== REQUIRED ACTION ==
Everything from the "Stiftung, untere Steinreihen, Stufenpyramide" line to the final line of the listing should be written out exactly. Skip the pictures.
---------- DATA SHOWN ----------
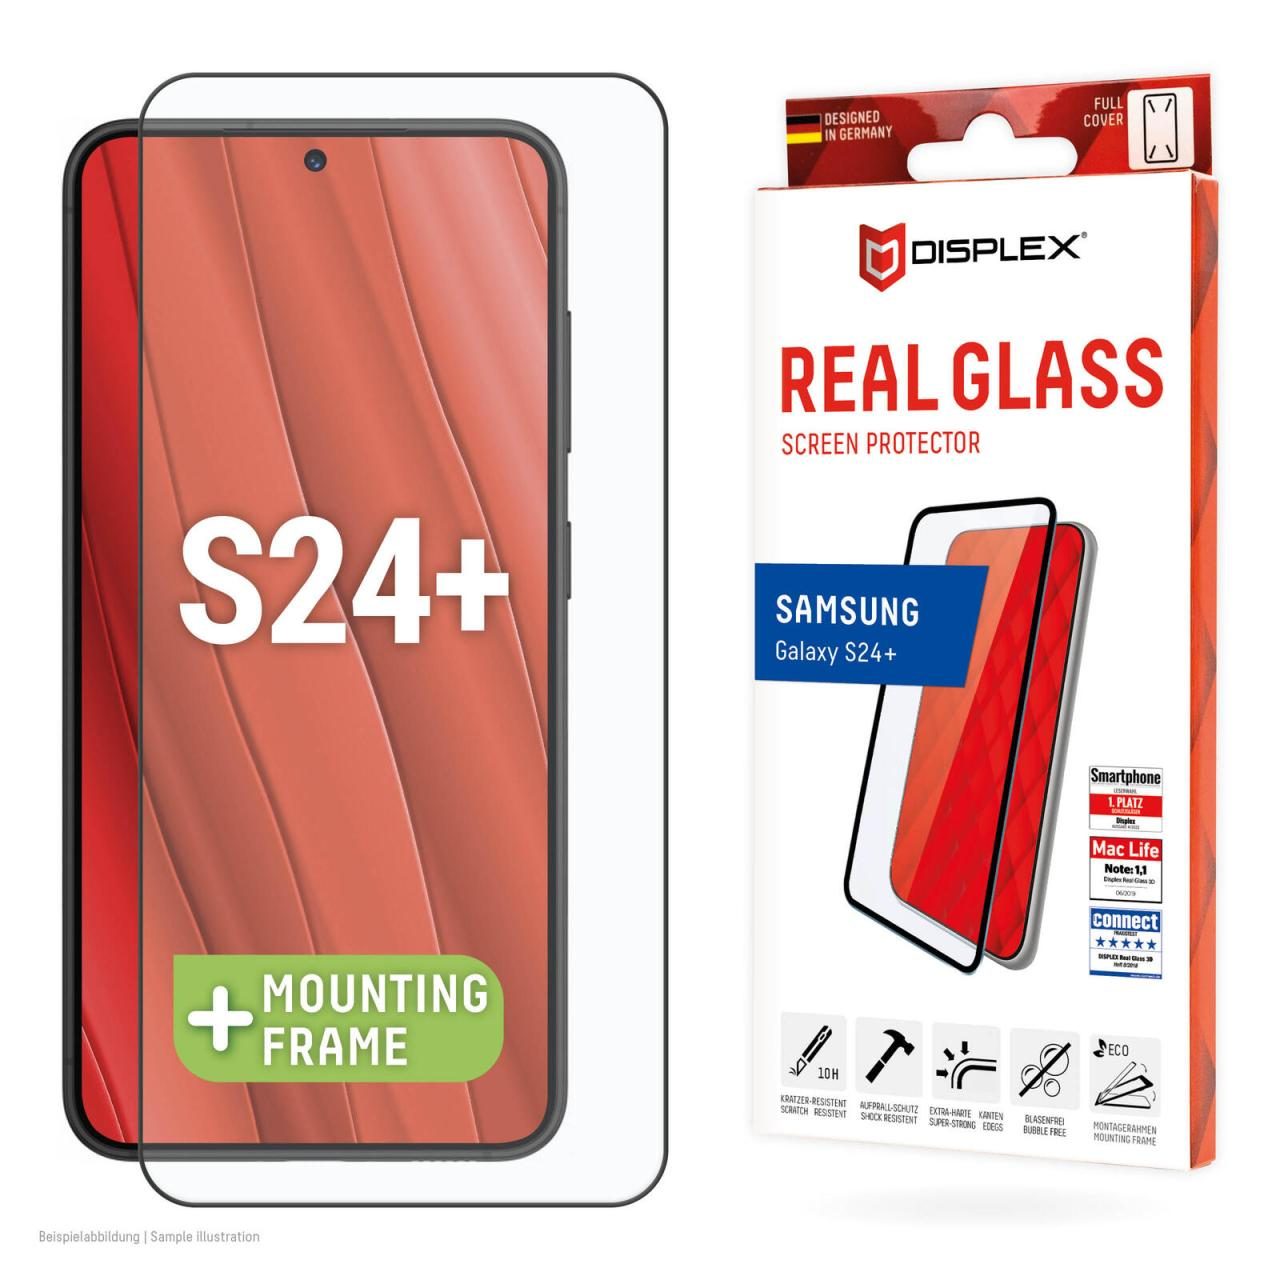 DISPLEX Real Glass für das Samsung Galaxy S24+ von Displex
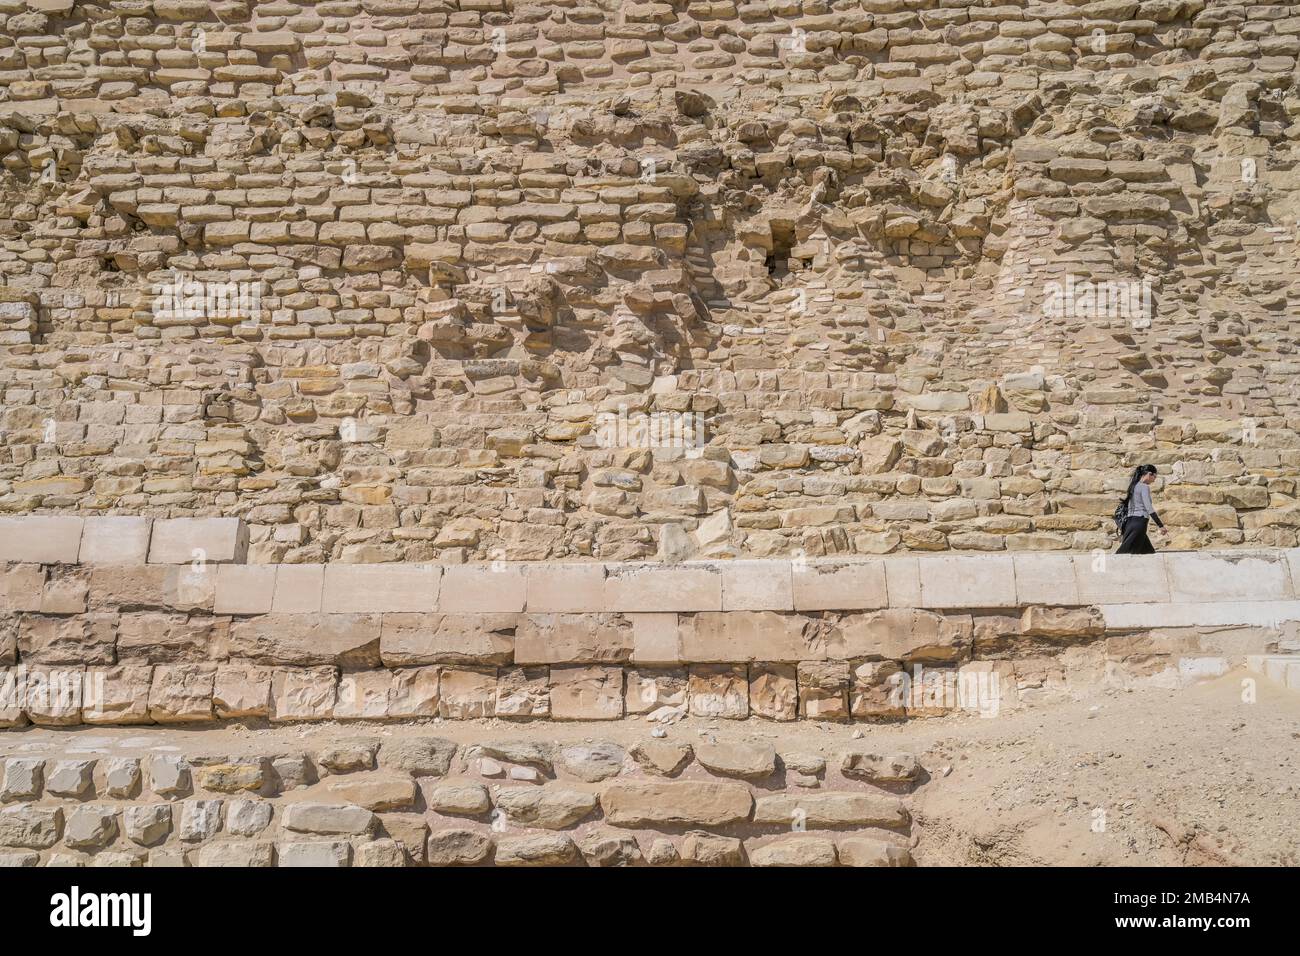 Stiftung, untere Steinreihen, Stufenpyramide von König Djoser, Nekropole von Sakkara, Ägypten Stockfoto
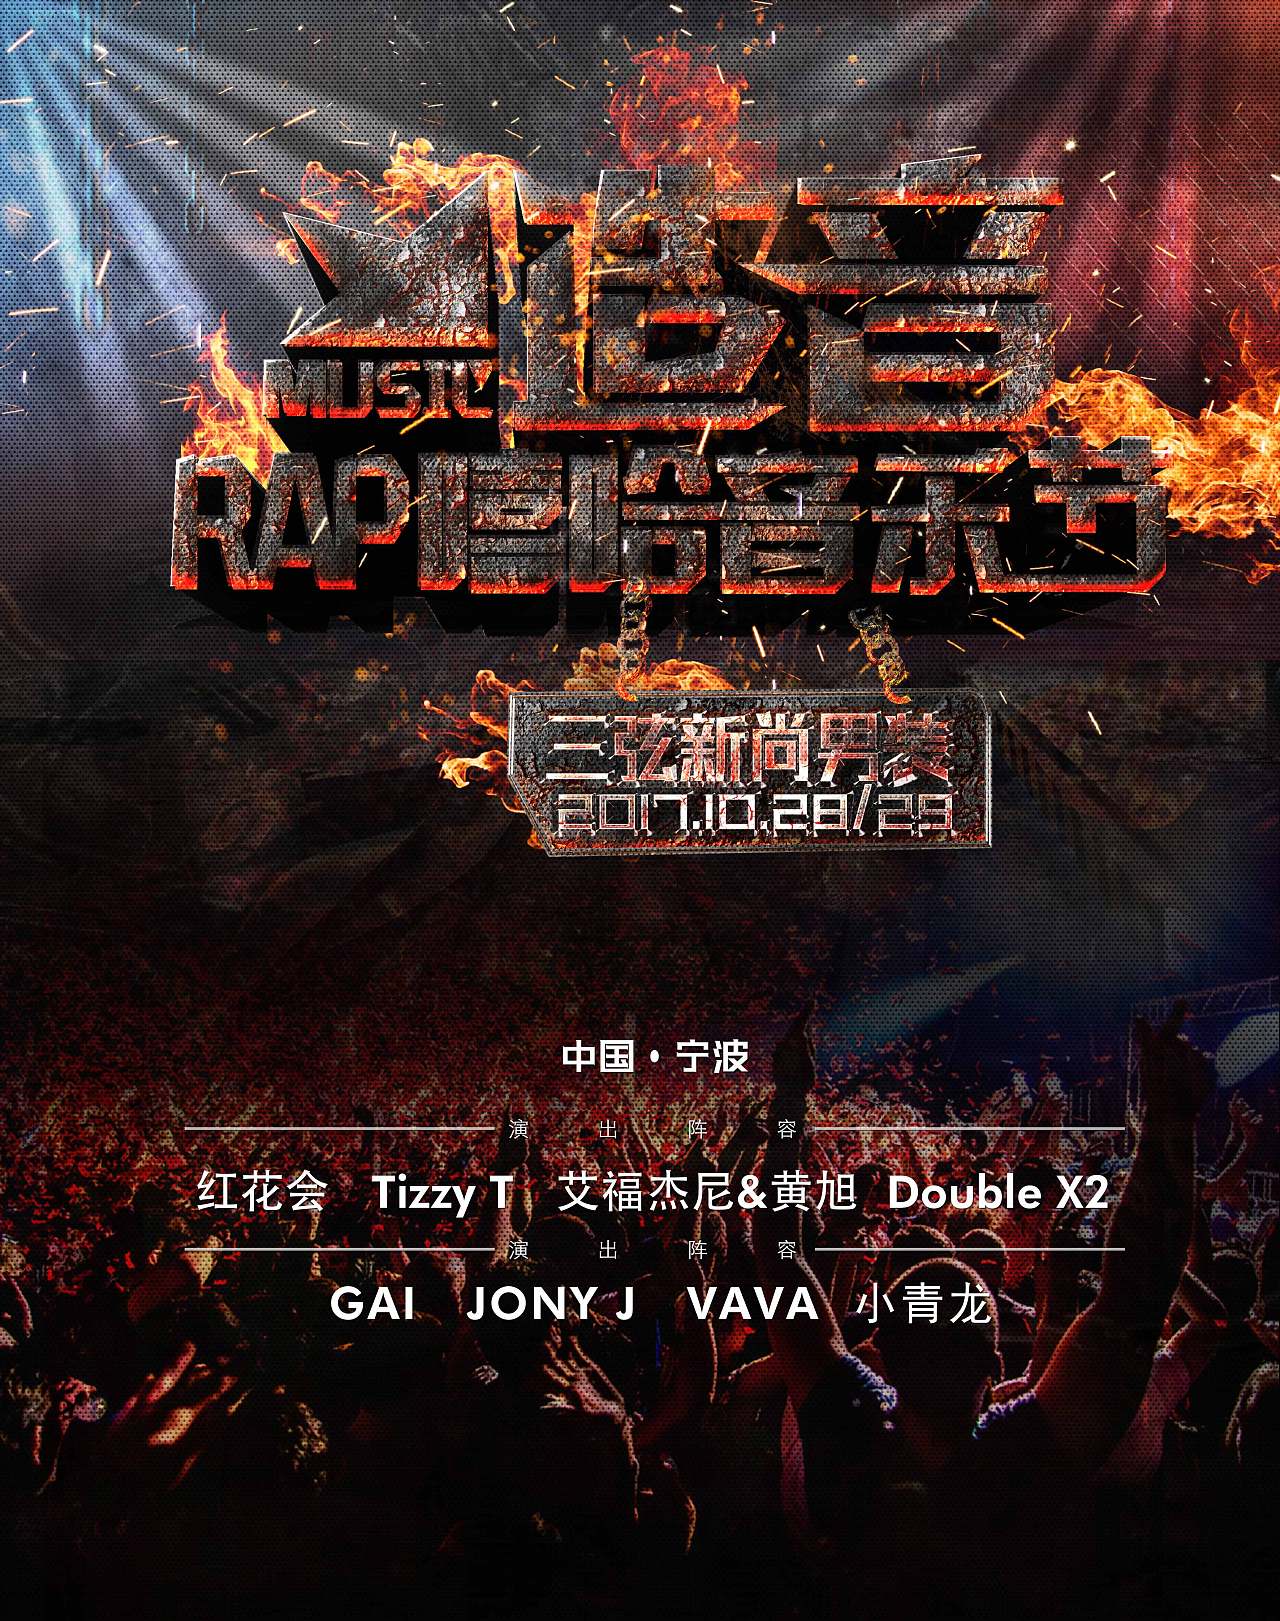 宁波造音嘻哈音乐节宣传海报设计
----------
== ANSWER TO THIS PROBLEM ==
 Stiftung, untere Steinreihen, Stufenpyramide von König Djoser, Nekropole von Sakkara, Ägypten Stockfoto
 宁波造音嘻哈音乐节宣传海报设计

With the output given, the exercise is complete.